**Supplied data:**

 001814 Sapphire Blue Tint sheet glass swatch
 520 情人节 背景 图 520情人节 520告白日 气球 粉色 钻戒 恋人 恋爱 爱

---

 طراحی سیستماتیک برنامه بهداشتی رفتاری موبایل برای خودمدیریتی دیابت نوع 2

**What the task requires:**
Retype only the stretch of lines above starting at the one with "001814 Sapphire Blue Tint sheet glass swatch" and stopping at the one with "520 情人节 背景 图 520情人节 520告白日 气球 粉色 钻戒 恋人 恋爱 爱", exactly as written, with both kept.

**Response to this exercise:**
 001814 Sapphire Blue Tint sheet glass swatch
 520 情人节 背景 图 520情人节 520告白日 气球 粉色 钻戒 恋人 恋爱 爱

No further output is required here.